David Cameron Is New British Prime Minister
Gordon Brown submitted his resignation to the queen.
LONDON, May 11, 2010 -- British Prime Minister Gordon Brown today announced his resignation, and Conservative leader David Cameron immediately announced the formation of a new government.
"I wish the next prime minister well as he makes the important choices for the future," Brown told reporters in Downing Street this evening.
"I have been privileged to learn much about the very best in human nature and a fair amount too about its frailties, including my own," he said before going to Buckingham Palace to formally tender his resignation to the queen.
According to protocol Cameron is then called by the queen and asked to form a government, which will bring an end to five days of intense political negotiations between Britain's three main parties.
The markets and the electorate were both growing restless with the situation after last week's elections yielded no clear winner and Britain's first hung parliament since 1974.

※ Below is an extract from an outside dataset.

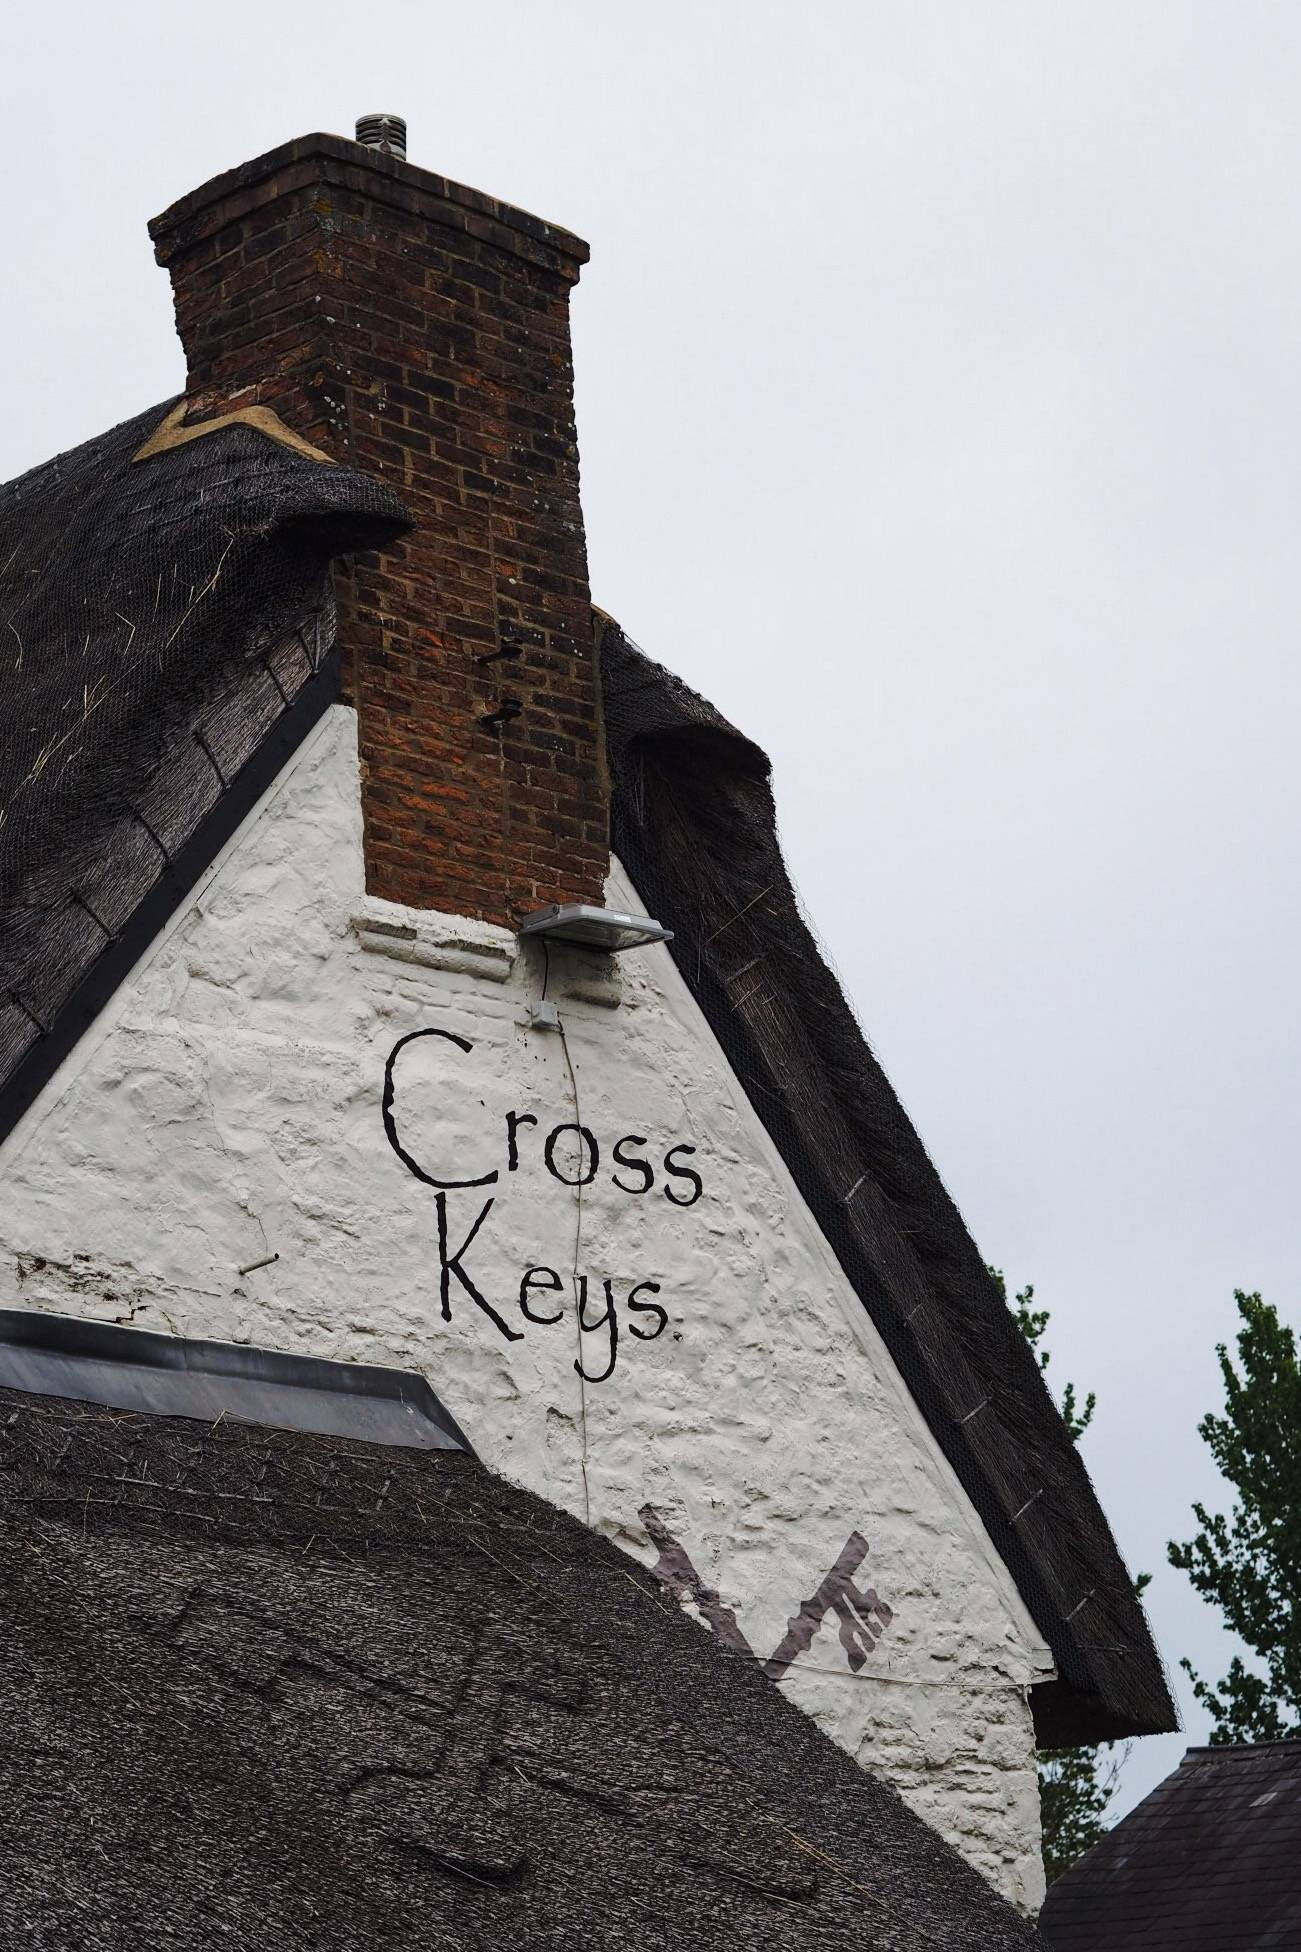 Cross_Keys_Milton_Keynes_Woolstone_review

While most political pundits are predicting Cameron will form a formal coalition with the Liberal Democrats, some are saying a looser "supply and confidence" agreement may be more likely.
Cameron has made it clear from the start that he favors a formal coalition.
"It's now, I believe, decision time," Cameron told reporters earlier today as he waited for a decision by Liberal Democratic leader Nick Clegg. "Decision time for the Liberal Democrats and I hope they will make the right decision to give this country the strong, stable government that it badly needs and badly needs quickly."
A senior Lib-Dem leader told the British media "a deal is very close" after today's crucial talks with the Conservative team.
Clegg's team has been in formal talks both with Labour and the Conservative parties.
"I'm as impatient as anybody else to get on with this, to resolve matters one way or another," Clegg told reporters outside his house this morning.
It had been unclear earlier today which way Clegg was going to go after Brown's surprise announcement that he had been approached by Clegg "to take forward formal discussions with the Labour party".
But earlier today reports emerged that these talks had ended in failure. "There was no deal to be done" a senior Labour source told the BBC, making Brown's resignation the next logical step.
Dubbed by the British media as the "coalition of the losers" a Labour and Liberal Democrat alliance could still not have held a majority in the houses of parliament.
Even within the Labour party this union was met with resistance. Some questioned the party's moral legitimacy to govern after it came in second in last week's elections.
"I fail to see how trying to bring together six different parties — and even then not having a majority — will bring the degree of stability we need," former Labour cabinet minister John Reid told the BBC today.
"It may be perceived as acting in our own self-interest. The public aren't daft."